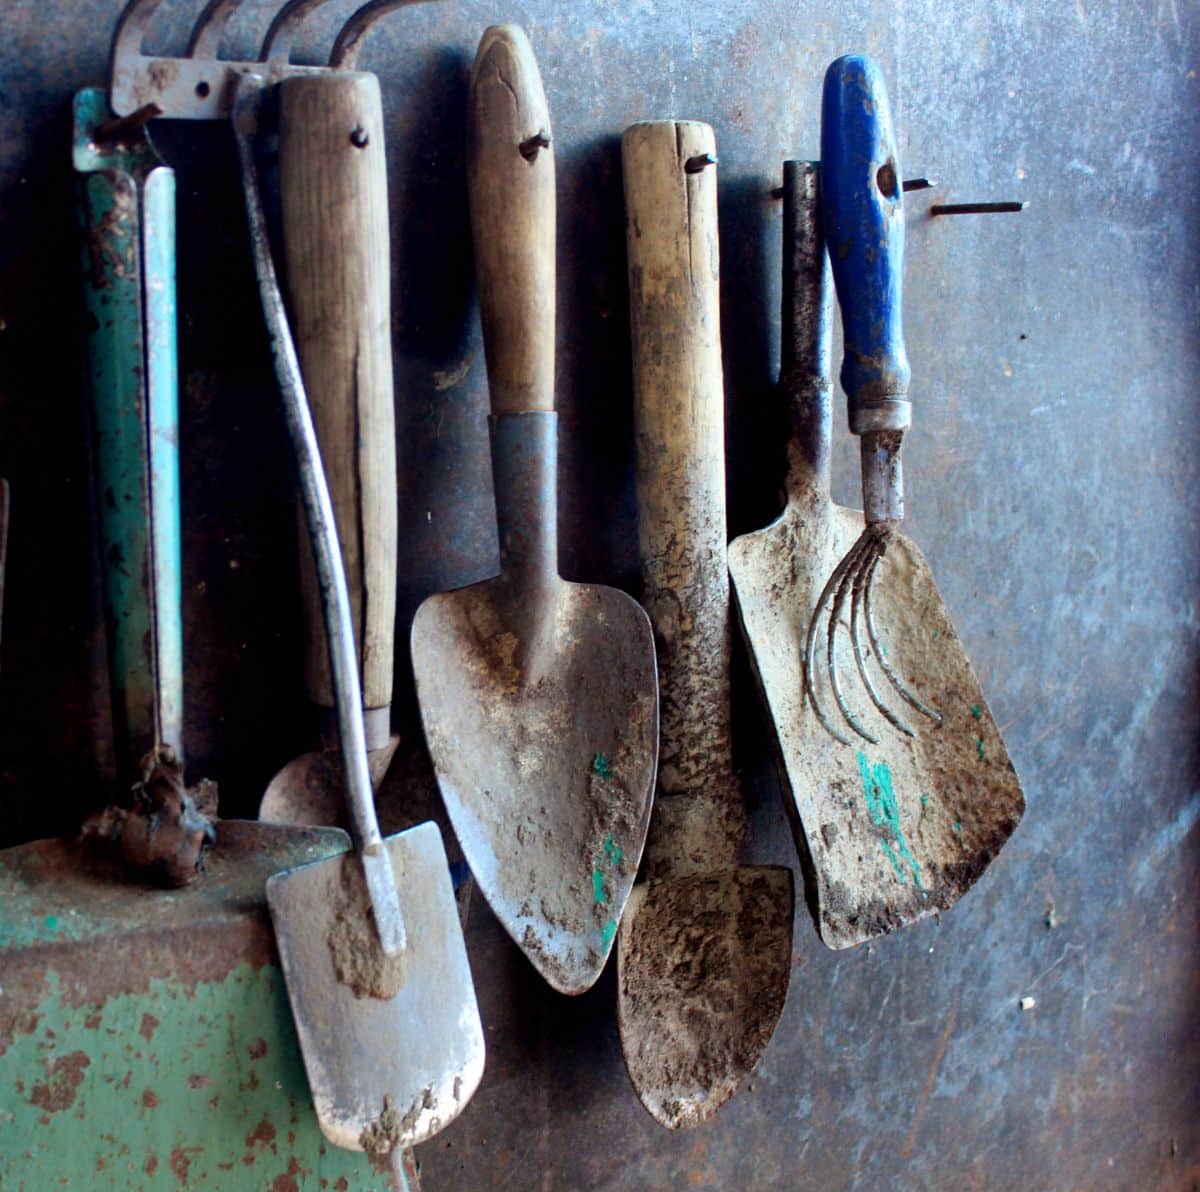 Dirty garden tools stored improperly
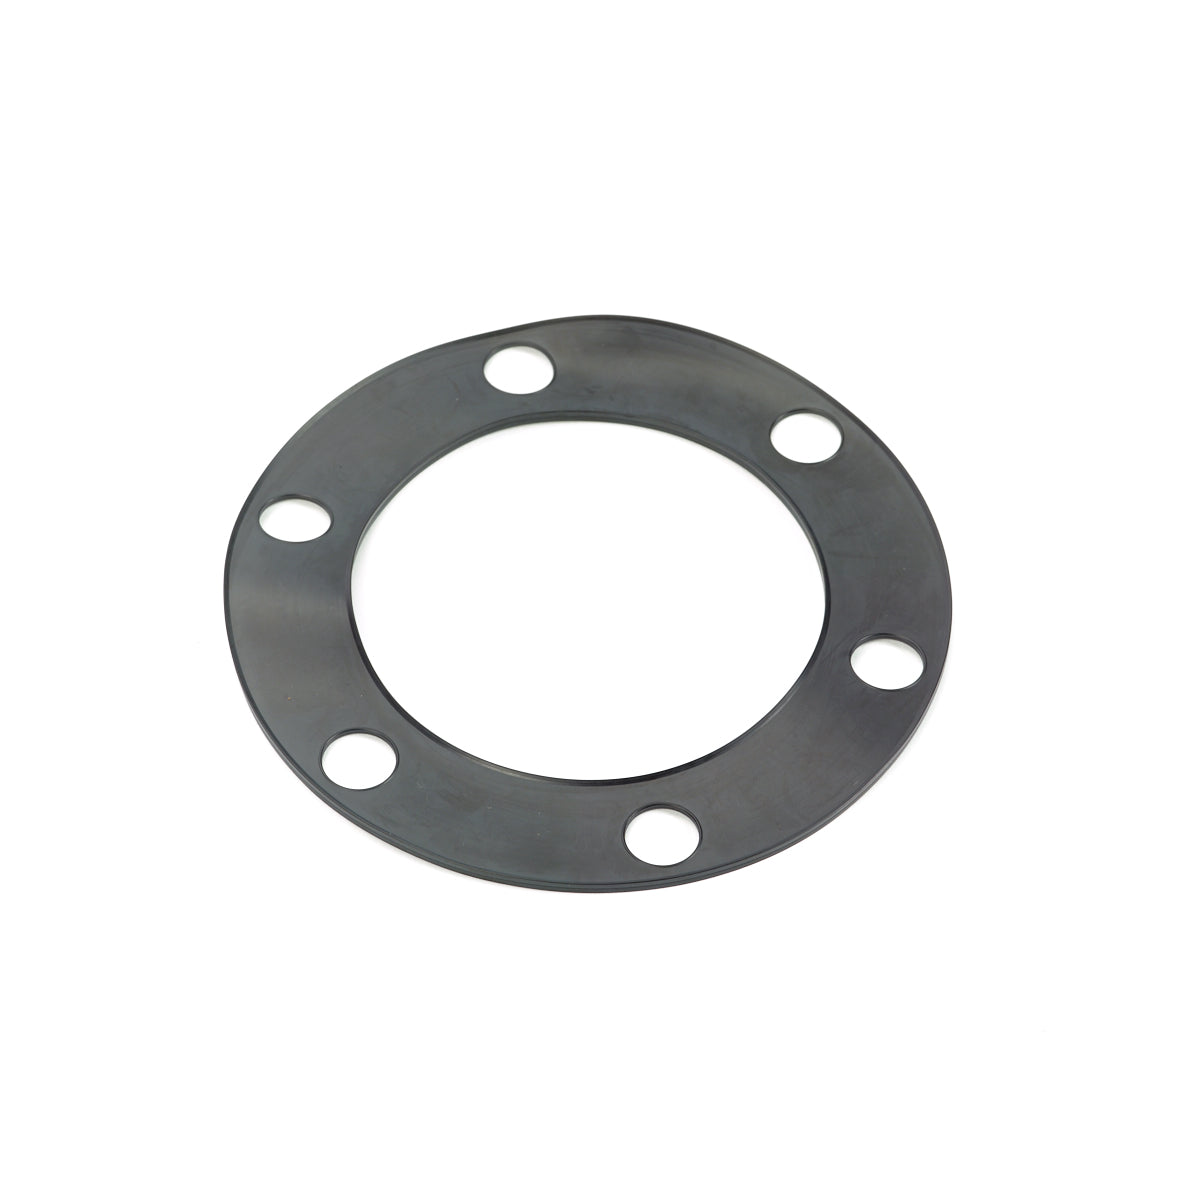 GASKET - HYDRAULIC FILTER COVER: 813/10186
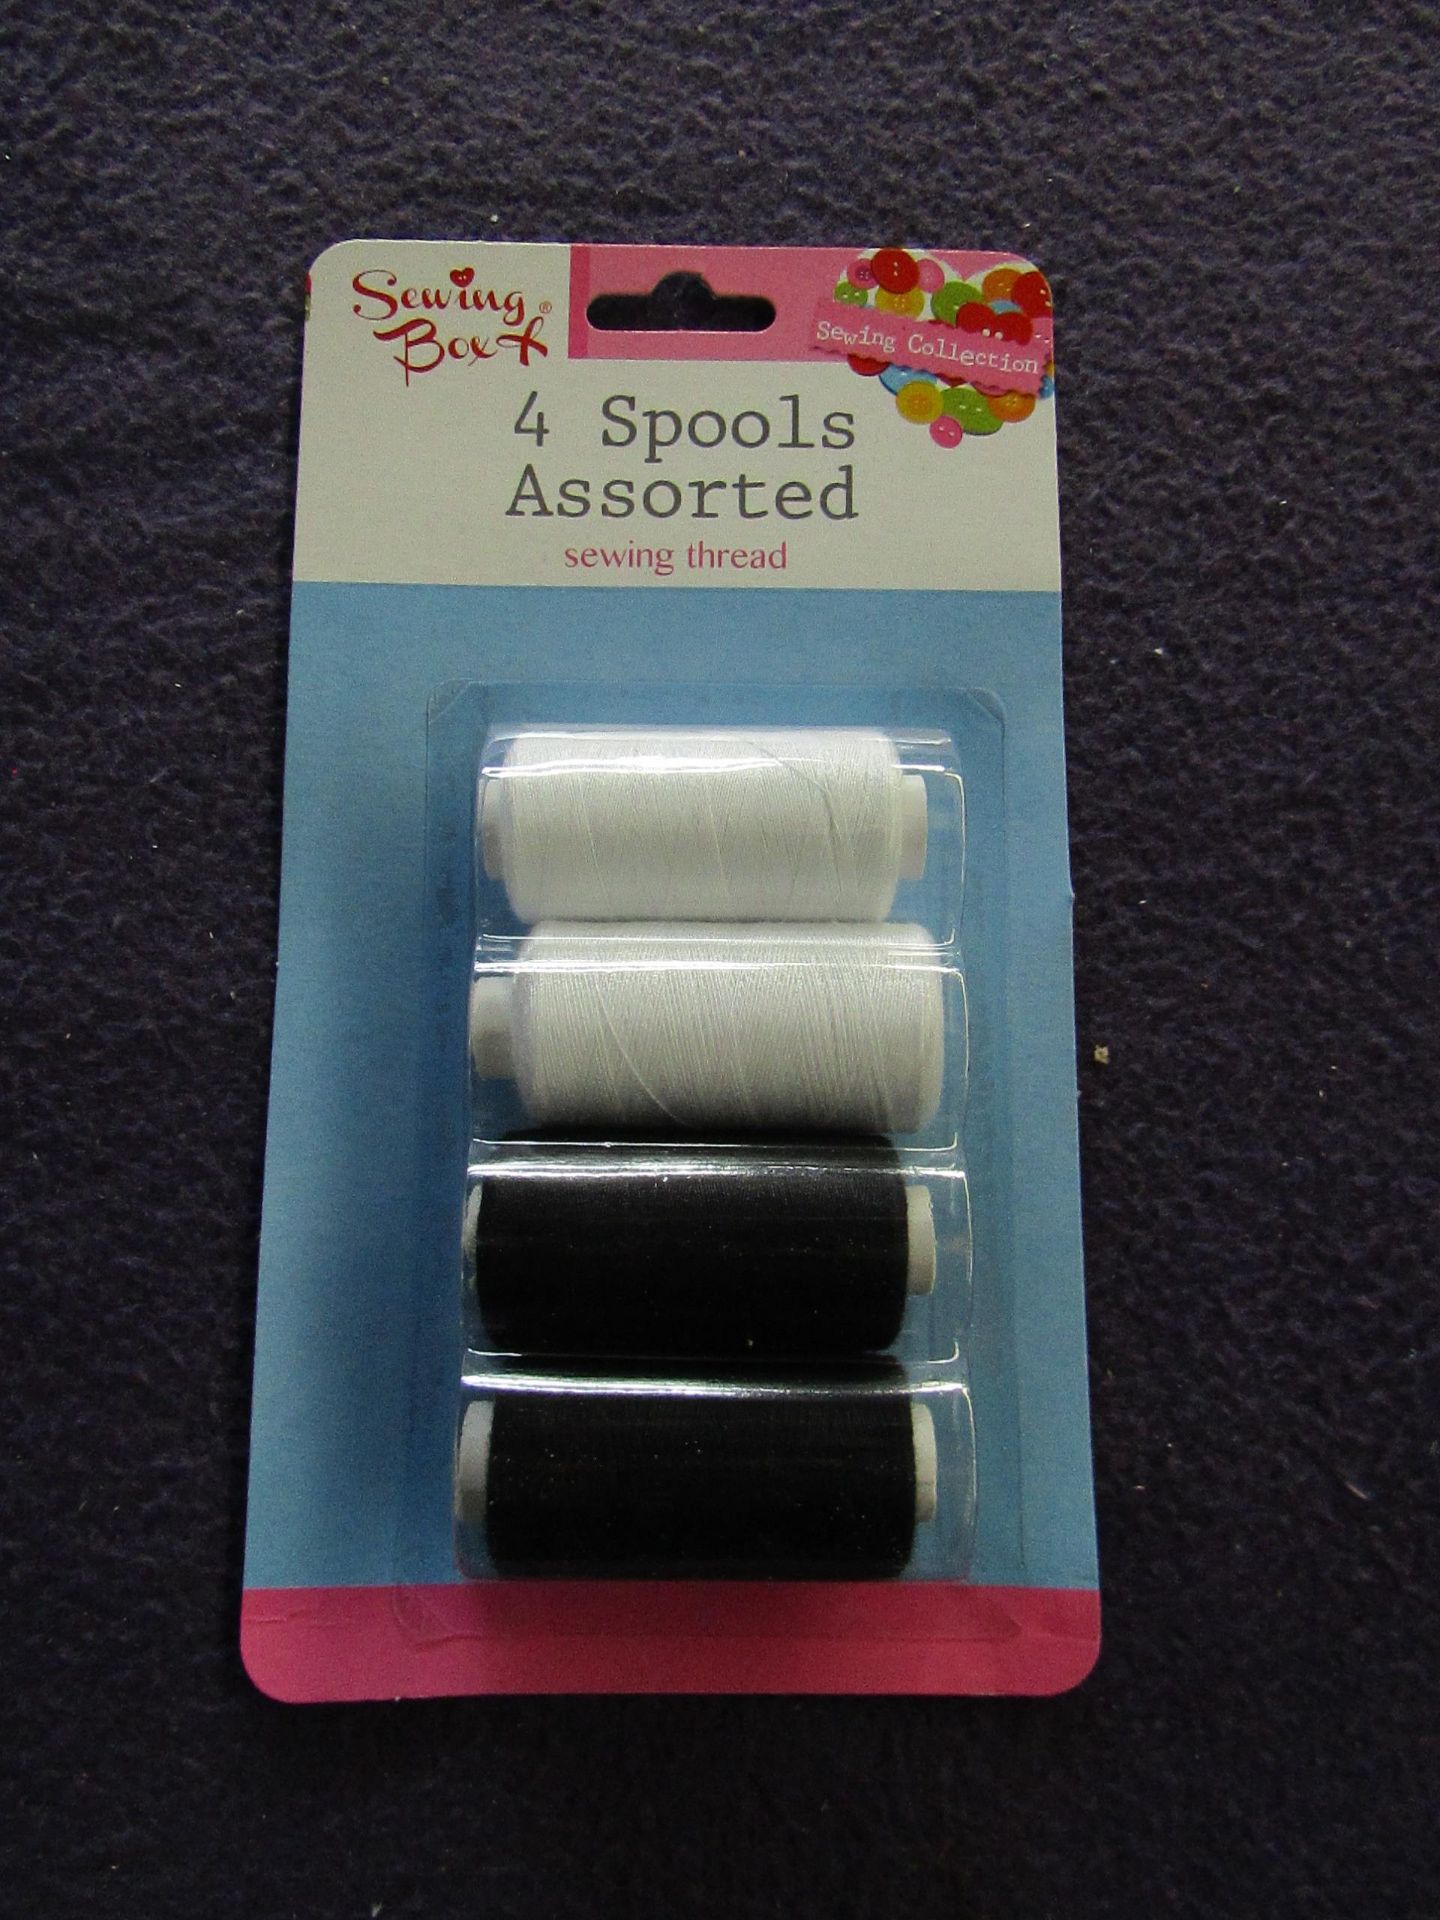 12x Sewing Box - Set of 4 Sewing Spools ( Assorted Colours ) - Unused & Boxed.

WORK ORDER:
Starting at the line that holds "GASKET - HYDRAULIC FILTER COVER: 813/10186", repeat every line through the end of the listing exactly as written, skipping any picture.

COMPLETED EXERCISE:
 GASKET - HYDRAULIC FILTER COVER: 813/10186
 12x Sewing Box - Set of 4 Sewing Spools ( Assorted Colours ) - Unused & Boxed.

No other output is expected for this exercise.